The English-language Wikipedia contains over 6 million articles, and the combined versions for all other languages contain over 28 billion words over 52 million articles in 309 languages. It’s an incomparably valuable resource for knowledge seekers, needless to say, but one that requires pruning by the over 132,000 registered active monthly editors.
In search of an autonomous solution, researchers at MIT developed an AI and machine learning system that addresses inconsistencies in Wikipedia articles. Thanks to a family of algorithms, it’s able to identify such errors and update the articles as needed, using the latest information from around the web to produce up-to-date sentences.
The algorithms in question were trained on a data set containing pairs of sentences, in which one sentence is a claim and the other is a relevant Wikipedia sentence. Each pair is labeled in one of three ways: “agree,” meaning the sentences contain matching factual information; “disagree,” meaning the two contain contradictory information; or “neutral,” where there’s not enough information for either label.
The system takes as input an outdated sentence from an article plus a “claim” sentence that contains updated and conflicting information. Two algorithms juggle the heavy lifting, including a fact-checking classifier that’s pretrained to label each sentence pair in a data set with “agree,” “disagree,” or “neutral.” A custom “neutrality masker” module identifies which words in the outdated sentence contradict the claim and removes the minimal number of words required to maximize neutrality so that the pair can be labeled as neutral, after which it creates a binary “mask” over the outdated sentence.
A two-encoder-decoder framework generates the final output sentence post-masking, such that the model learns compressed representations of the claim and the outdated sentence. The two encoder-decoders, working in conjunction, then fuse dissimilar words from the claim by sliding them into the spots left vacant by the deleted words.
The researchers say the system can also be used to augment corpora to minimize bias when training fake news detectors. Some of the detectors train on data sets of sentence pairs to learn to verify a claim by matching it to given evidence. In these pairs, the claim will either match certain information with a supporting “evidence” sentence from Wikipedia or will be modified to include information contradictory to the evidence sentence. The models are trained to flag claims with refuting evidence as false, which can be used to help identify fake news.
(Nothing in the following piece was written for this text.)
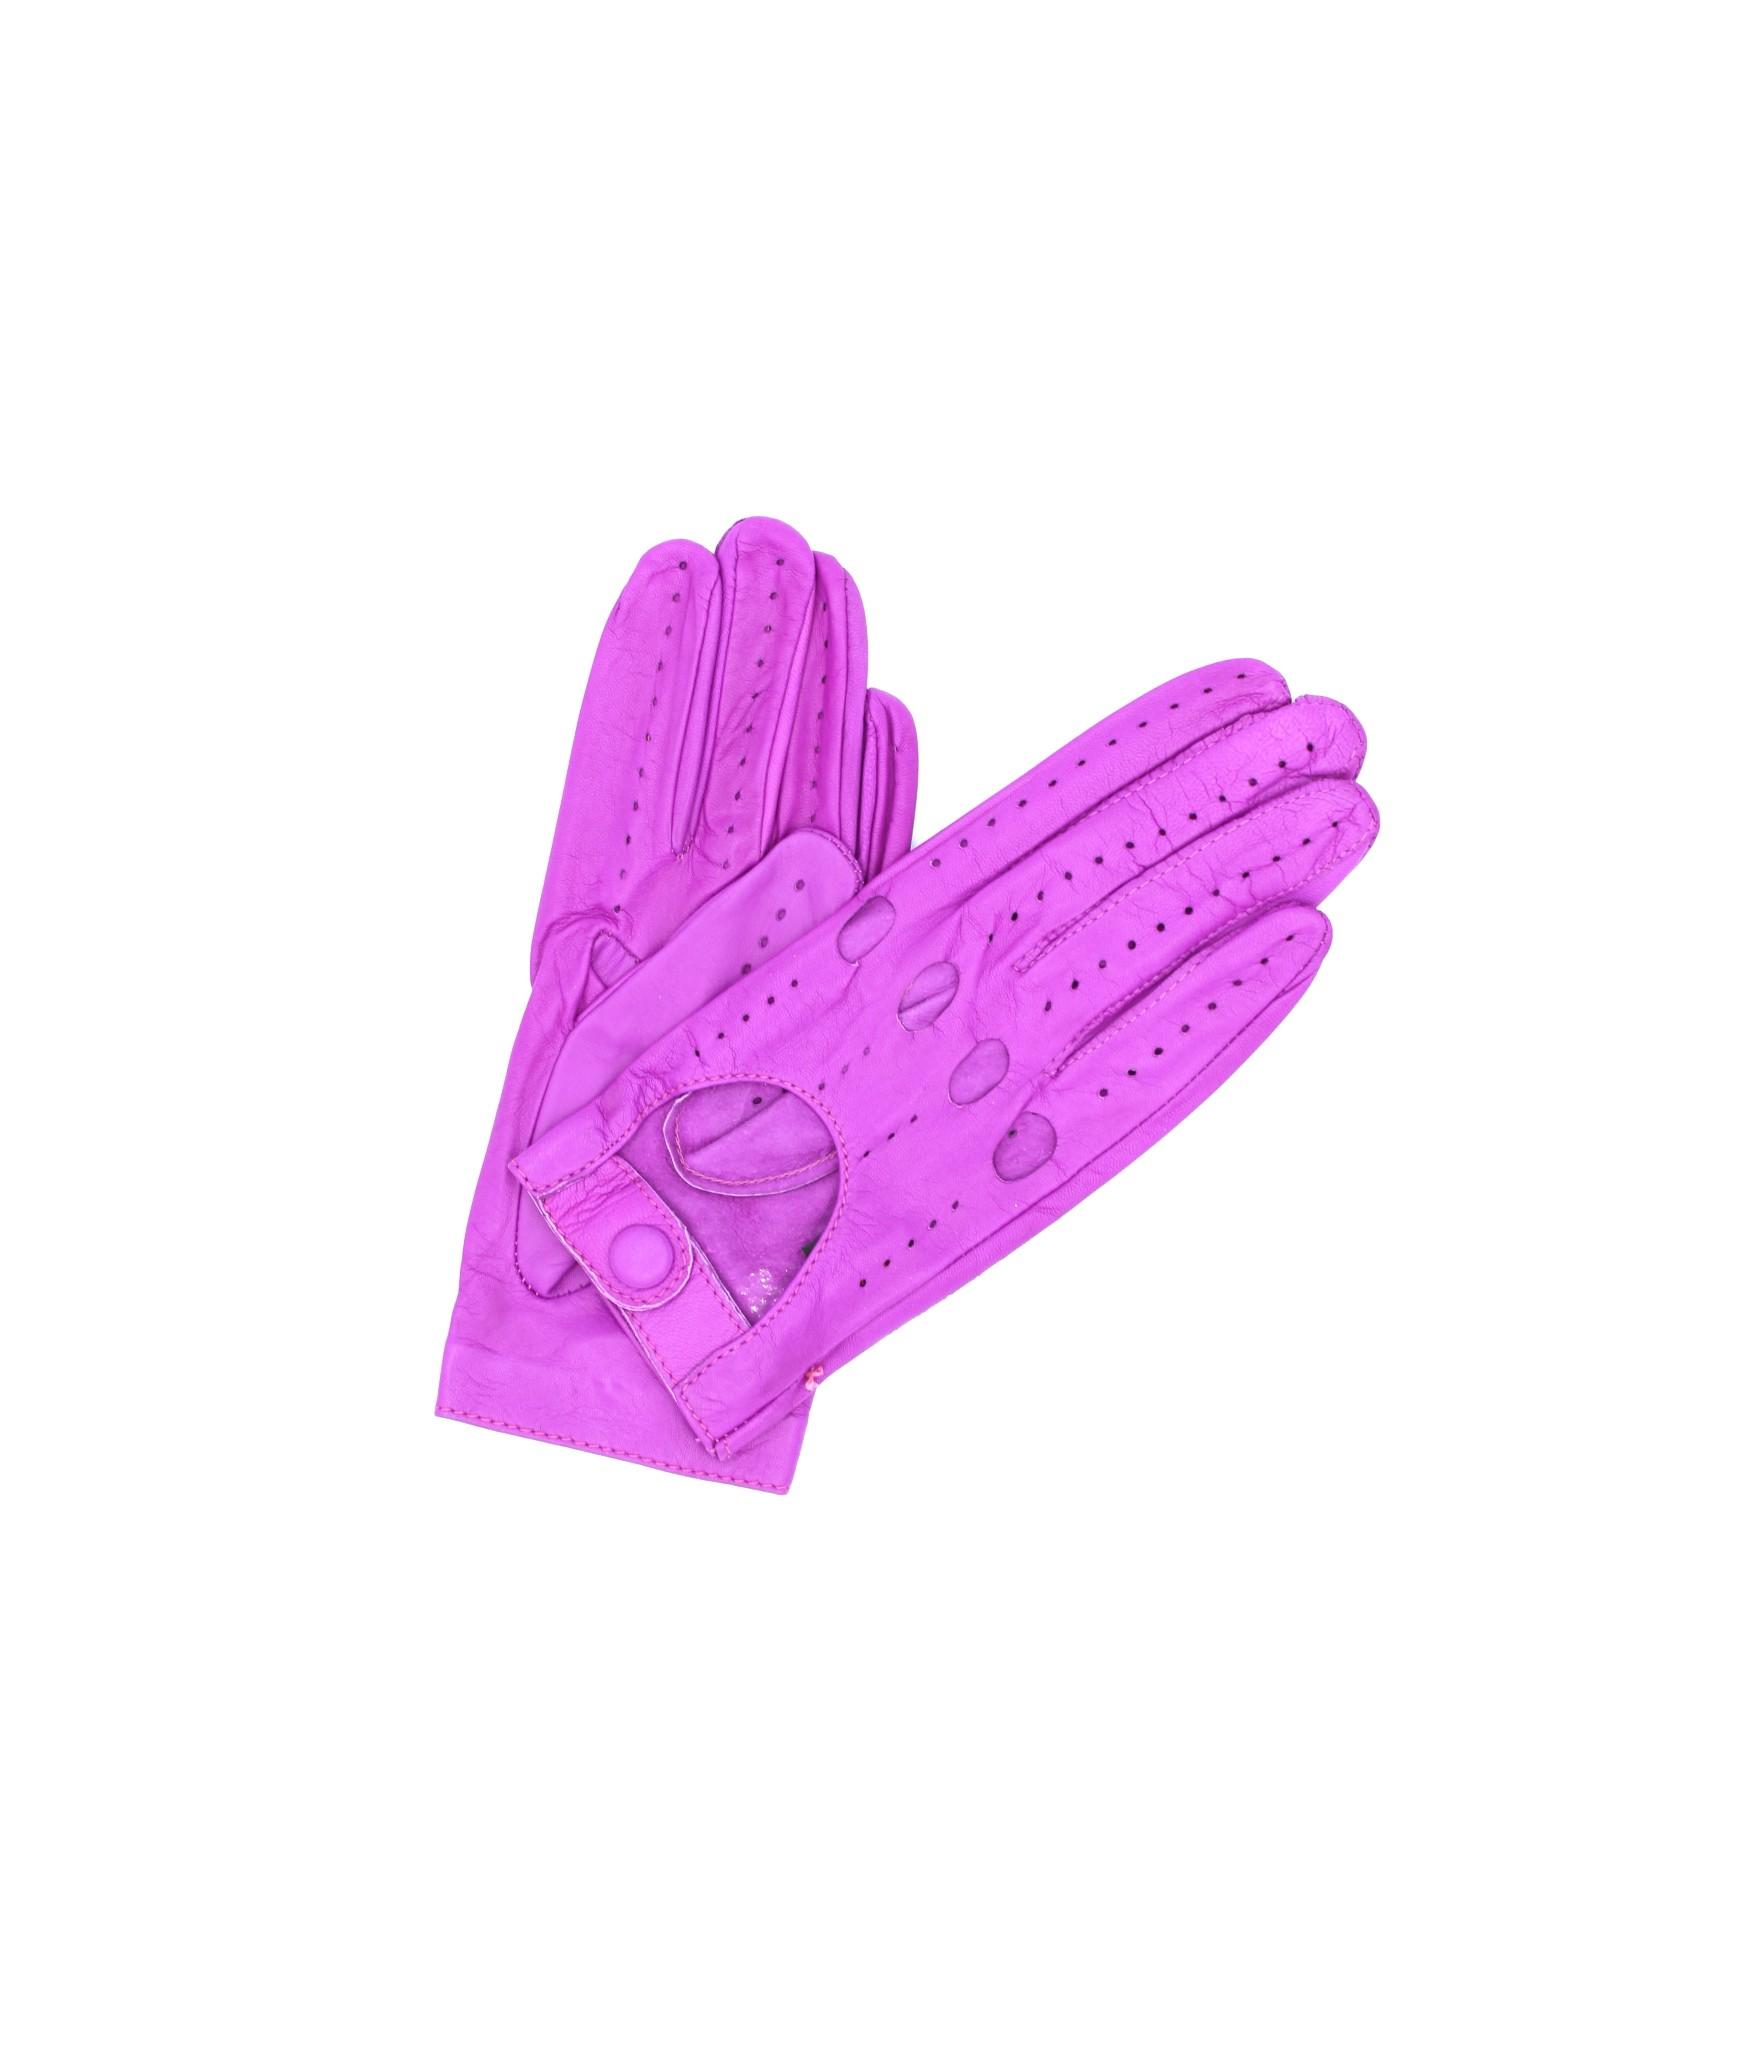 Driving gloves in Nappa Leather Fuchsia Sermoneta Gloves
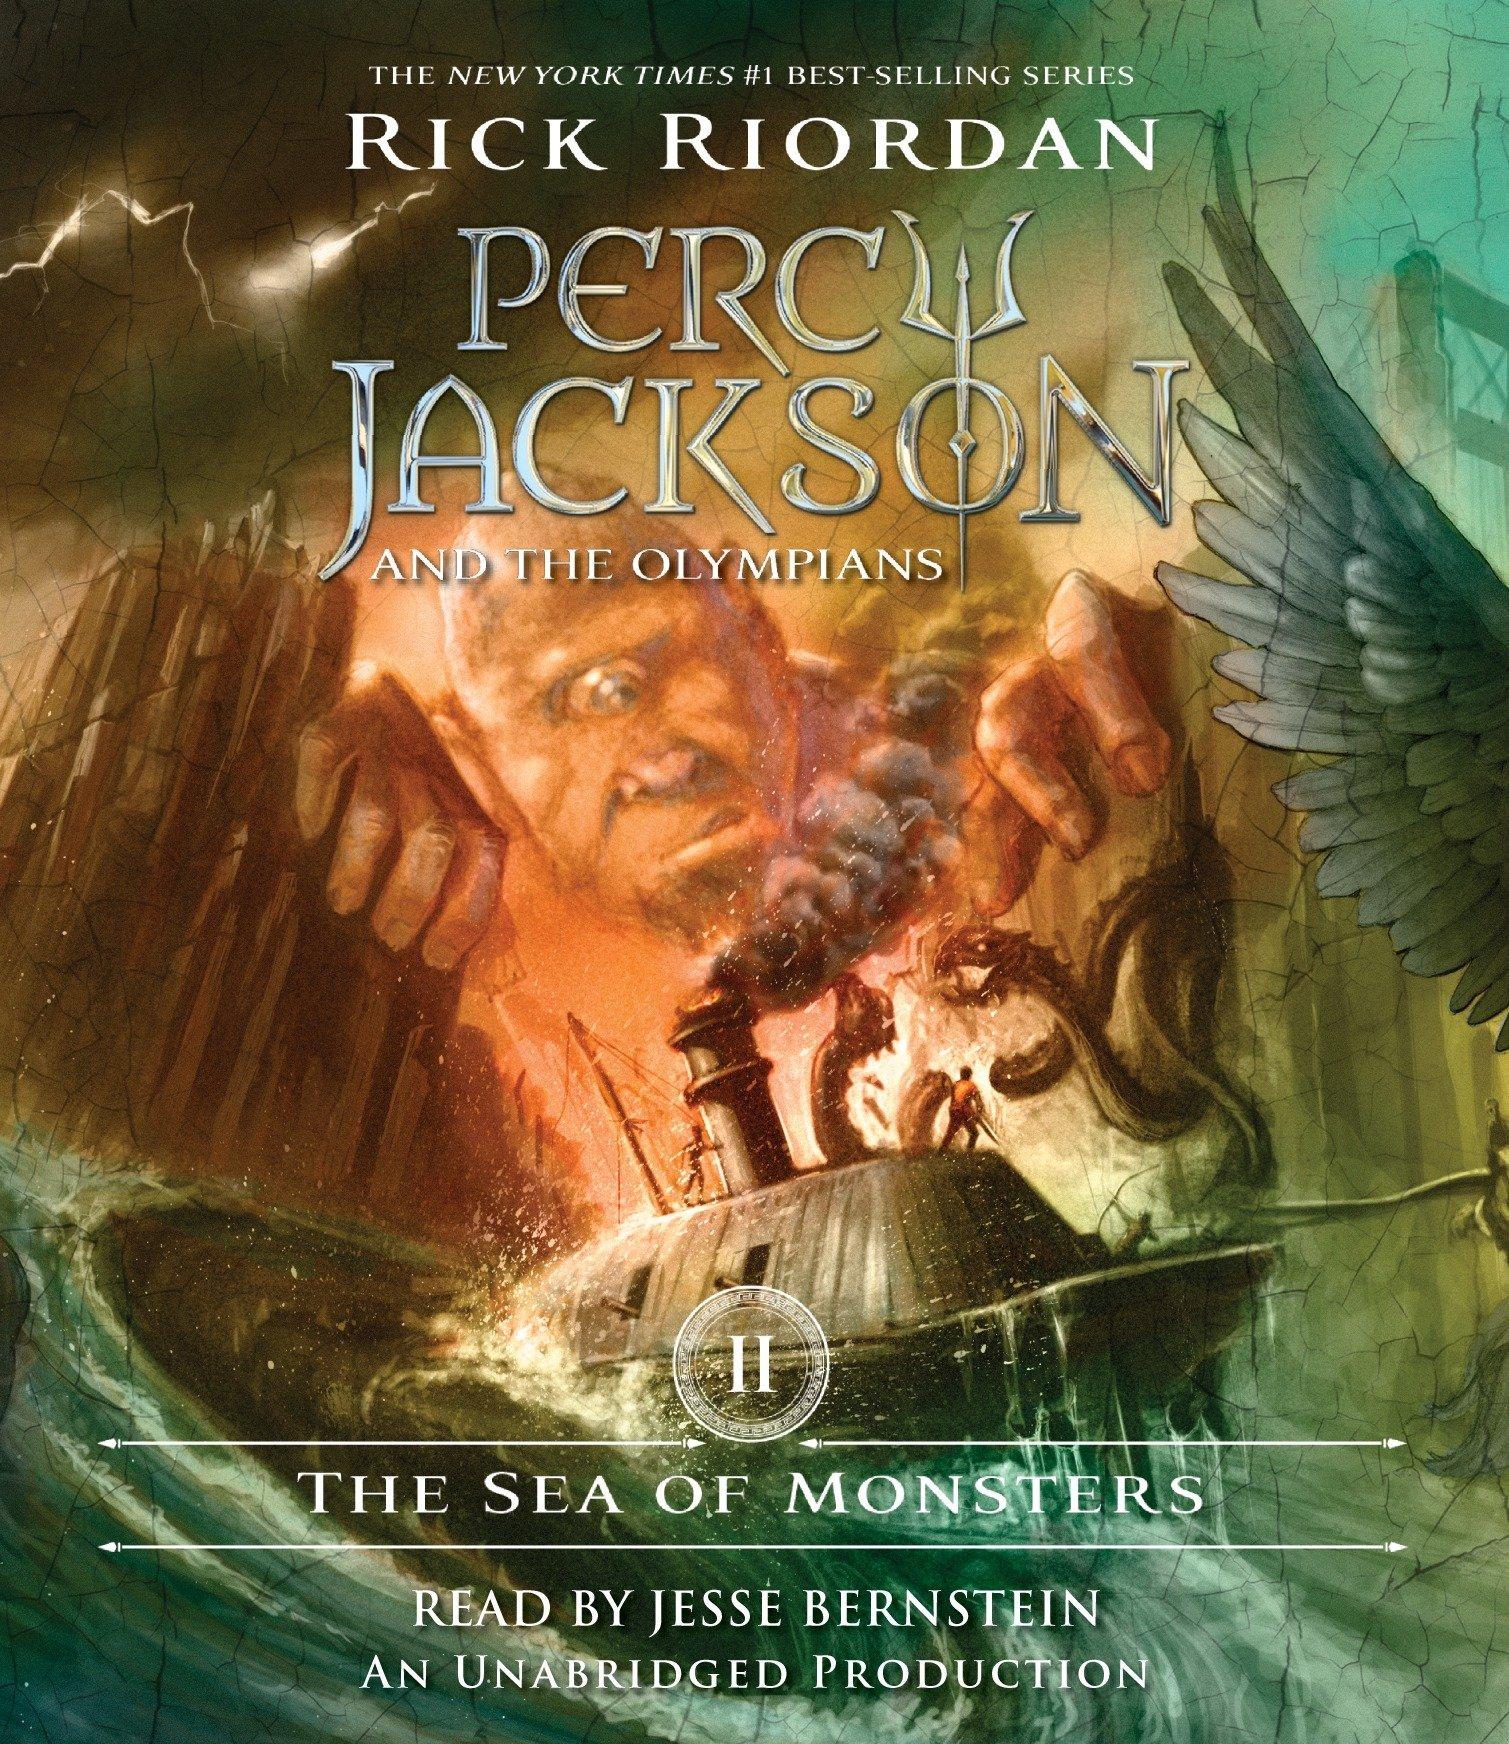 The Sea of Monsters: 02 Percy Jackson and the Olympians: Amazon.es: Riordan, Rick, Bernstein, Jesse: Libros en idiomas extranjeros

In a test, the team used the deletion and fusion techniques from the Wikipedia task to balance pairs in a data set and help mitigate bias. For some pairs, a modified sentence’s false information was used to regenerate fake evidence supporting a sentence. Some of the key phrases then existed in both the agree and disagree sentences, which forced the models to analyze more features.
The researchers report that their augmented data set reduced the error rate of a popular fake news detector by 13%. They also say that in the Wikipedia experiment, the system was more accurate in making factual updates and its output more closely resembled human writing.
Author: Kyle Wiggers.